When dealing with existing buildings, the relocation of a core will most likely involve a structural alteration, not least with new riser locations for the services, or new lift shafts, but the advantages of the new layout will create spaces that are appealing to new tenants, while installing new DDA compliant lifts within an old building will provide the accessibility that is a requirement of the modern office building.

Older buildings in particular often have load-bearing walls within their footprint that, with current requirements for open plan office layouts, will not provide the flexibility that a potential tenant may require. It is usually advantageous to consider removing these structural elements. The removal of a structural spine wall for example is easier when carrying out a whole building refurbishment, although it is also feasible when doing it floor by floor, but the complexity of installation and disturbance to existing tenants is a more difficult task to manage. Another structural alteration that is often feasible, although fairly costly, is the redistribution of floor levels, in particular when converting old warehouses or retail units where there is a tendency to have higher floor to ceiling heights on the lower floors and lower ones on the upper floors. This arrangement often leads to lower rental yields for the upper floors. By redistributing the floor levels to create an even floor to ceiling height not only benefits the upper floors in terms of rental yields, but also the lower floors by reducing the heating and ventilation requirements for spaces that are too high. This kind of conversion is generally considered when an existing building cannot be demolished due to planning legislation or a financial review deems that the costs associated would be cheaper than a new build construction

HowExtensions and roof additions:we can help:

In addition to internal alterations there is always the option of adding extra floor area by extending either outwards or upwards. The recent changes in permitted development allow extensions to be built that increase existing the floor area by up to 25% without the need for Planning Permission, although other restrictions apply . Local authorities are usually fairly amenable to extensions in the right circumstance.

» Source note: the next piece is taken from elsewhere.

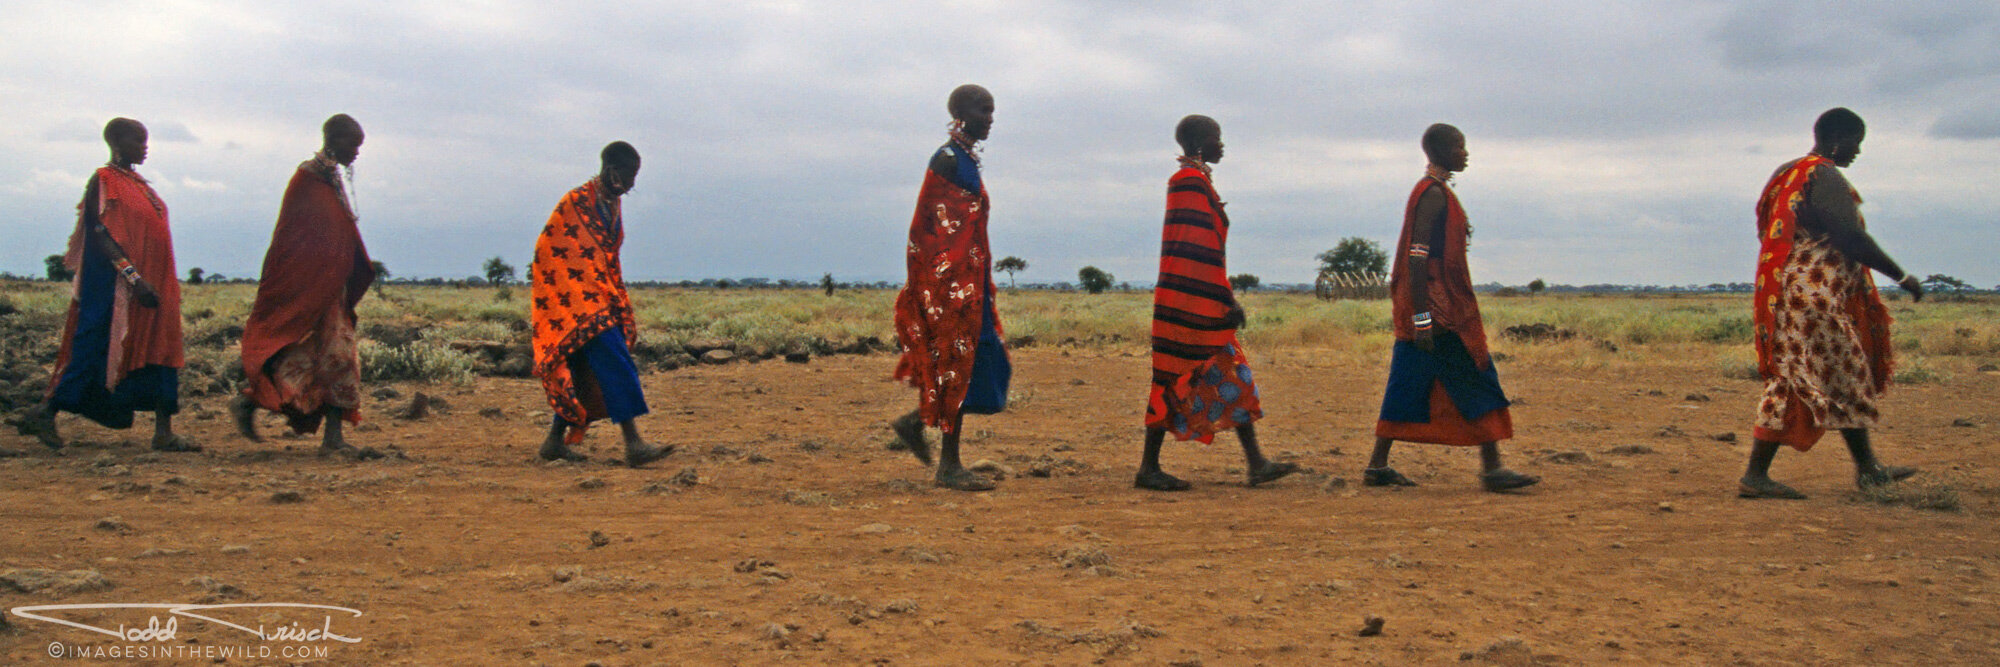 Silhouetted Maasai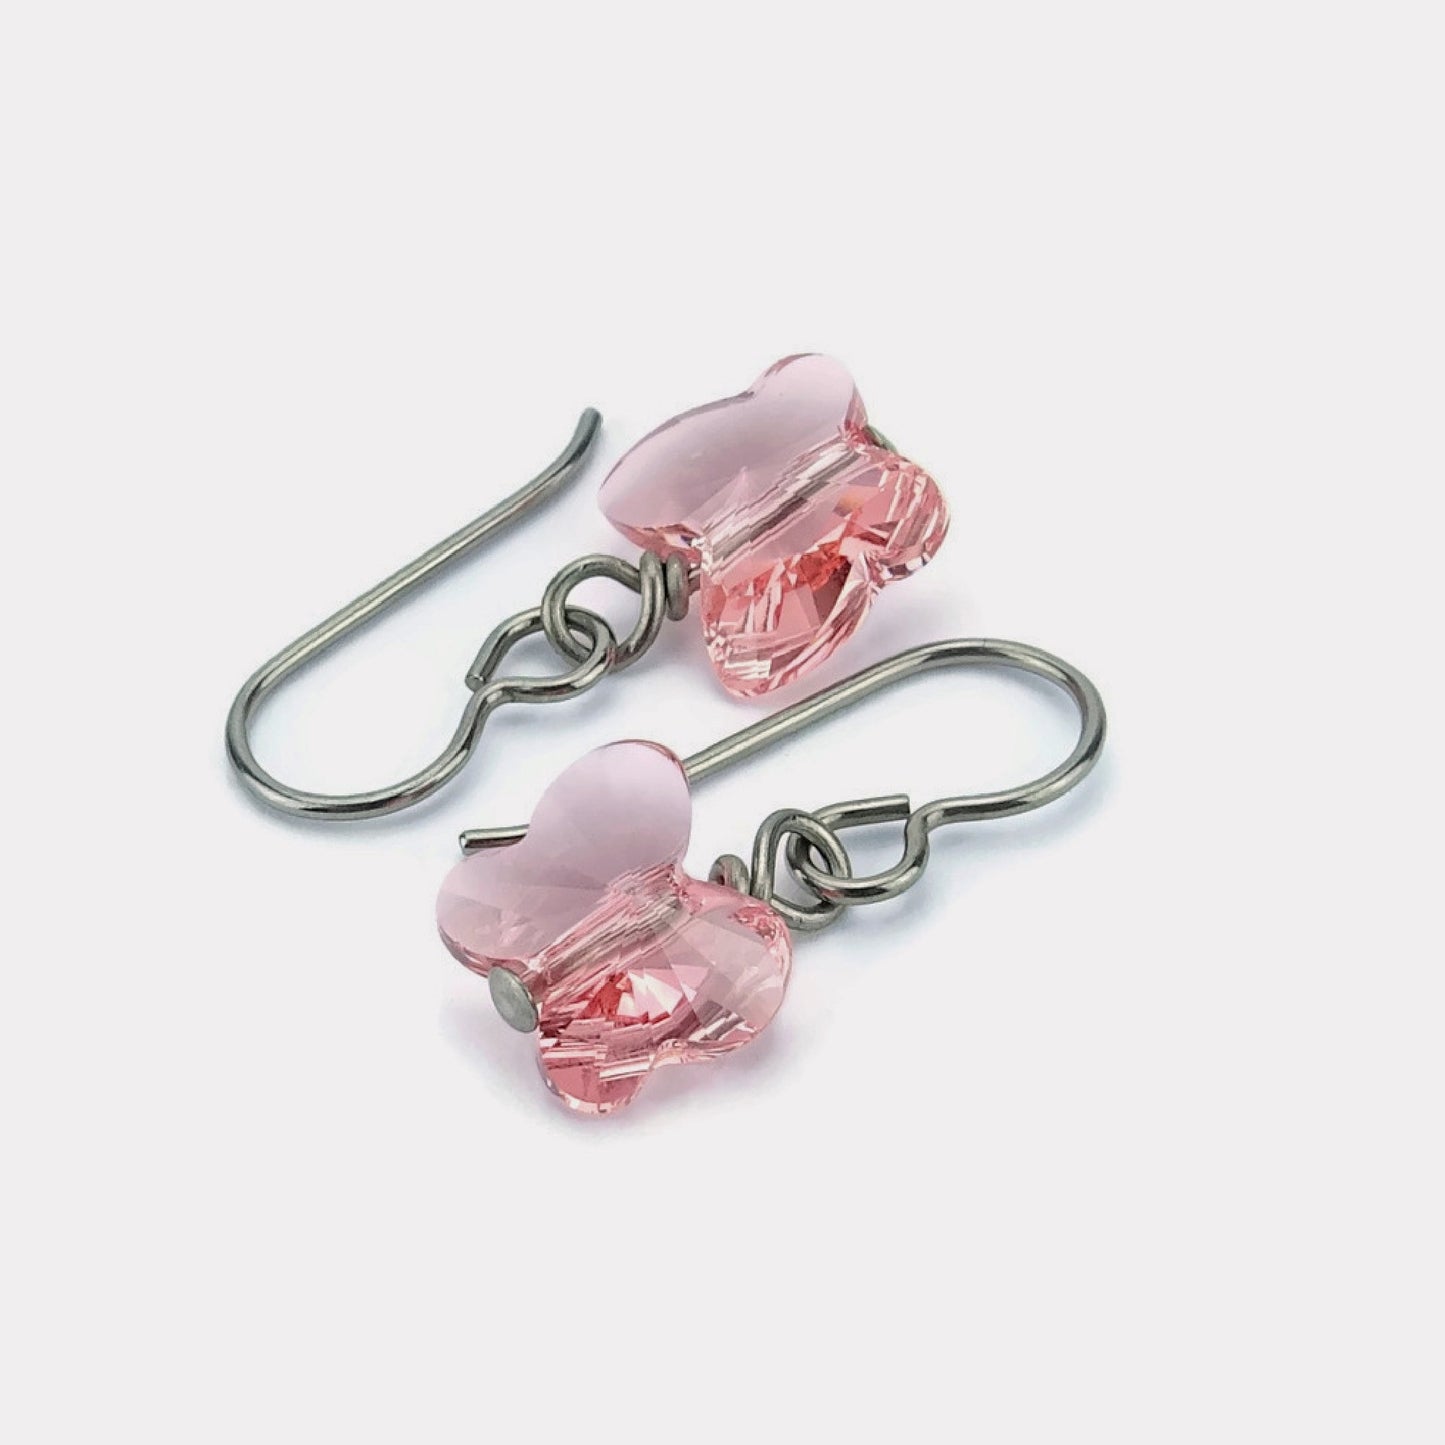 Titanium Earrings Peach Butterfly Crystal, Rose Peach Swarovski Crystal Butterfly Sensitive Ears Earrings for Girls, Rose Niobium Earrings

A new extension to a building could purely provide additional floor space, or it could be used to provide a new entrance, freeing up the existing internal space for lettable floor space. As space surrounding a building is not always available, adding a new storey to the top of the building is another solution. This will immediately increase the nett lettable floor area of your building by as much as the existing floor area immediately below, and is usually a relatively straightforward proposal.

The biggest hurdle to overcome with this type of extension is making sure the existing structure can accommodate the additional loadings that will be imposed upon it, although with a proactive structural engineer there is always some solution available.